Entries supplied:
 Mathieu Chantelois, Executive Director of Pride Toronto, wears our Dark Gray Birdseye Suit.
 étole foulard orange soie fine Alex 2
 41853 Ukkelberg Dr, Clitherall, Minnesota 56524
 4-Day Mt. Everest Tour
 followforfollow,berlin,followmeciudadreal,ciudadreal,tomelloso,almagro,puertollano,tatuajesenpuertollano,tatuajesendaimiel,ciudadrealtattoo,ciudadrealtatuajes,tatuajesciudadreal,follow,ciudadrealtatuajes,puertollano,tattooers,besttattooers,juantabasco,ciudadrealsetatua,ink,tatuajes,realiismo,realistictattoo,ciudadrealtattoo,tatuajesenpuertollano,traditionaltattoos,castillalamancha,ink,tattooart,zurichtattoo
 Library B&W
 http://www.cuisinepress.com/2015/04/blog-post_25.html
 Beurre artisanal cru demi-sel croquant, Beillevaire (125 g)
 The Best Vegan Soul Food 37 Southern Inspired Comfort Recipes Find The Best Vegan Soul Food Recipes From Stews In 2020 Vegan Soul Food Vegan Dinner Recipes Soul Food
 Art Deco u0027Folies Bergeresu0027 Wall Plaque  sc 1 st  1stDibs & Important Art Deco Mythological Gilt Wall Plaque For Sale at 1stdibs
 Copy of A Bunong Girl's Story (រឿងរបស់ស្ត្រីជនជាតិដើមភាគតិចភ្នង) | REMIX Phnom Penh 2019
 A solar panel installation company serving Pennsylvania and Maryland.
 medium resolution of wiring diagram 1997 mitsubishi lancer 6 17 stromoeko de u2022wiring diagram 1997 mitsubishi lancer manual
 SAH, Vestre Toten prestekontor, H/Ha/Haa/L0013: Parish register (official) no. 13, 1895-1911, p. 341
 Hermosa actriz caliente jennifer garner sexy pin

Prompt: Set down nothing but the lines from the one containing "Art Deco u0027Folies" through the final line above, exactly as written.

Task output:
 Art Deco u0027Folies Bergeresu0027 Wall Plaque  sc 1 st  1stDibs & Important Art Deco Mythological Gilt Wall Plaque For Sale at 1stdibs
 Copy of A Bunong Girl's Story (រឿងរបស់ស្ត្រីជនជាតិដើមភាគតិចភ្នង) | REMIX Phnom Penh 2019
 A solar panel installation company serving Pennsylvania and Maryland.
 medium resolution of wiring diagram 1997 mitsubishi lancer 6 17 stromoeko de u2022wiring diagram 1997 mitsubishi lancer manual
 SAH, Vestre Toten prestekontor, H/Ha/Haa/L0013: Parish register (official) no. 13, 1895-1911, p. 341
 Hermosa actriz caliente jennifer garner sexy pin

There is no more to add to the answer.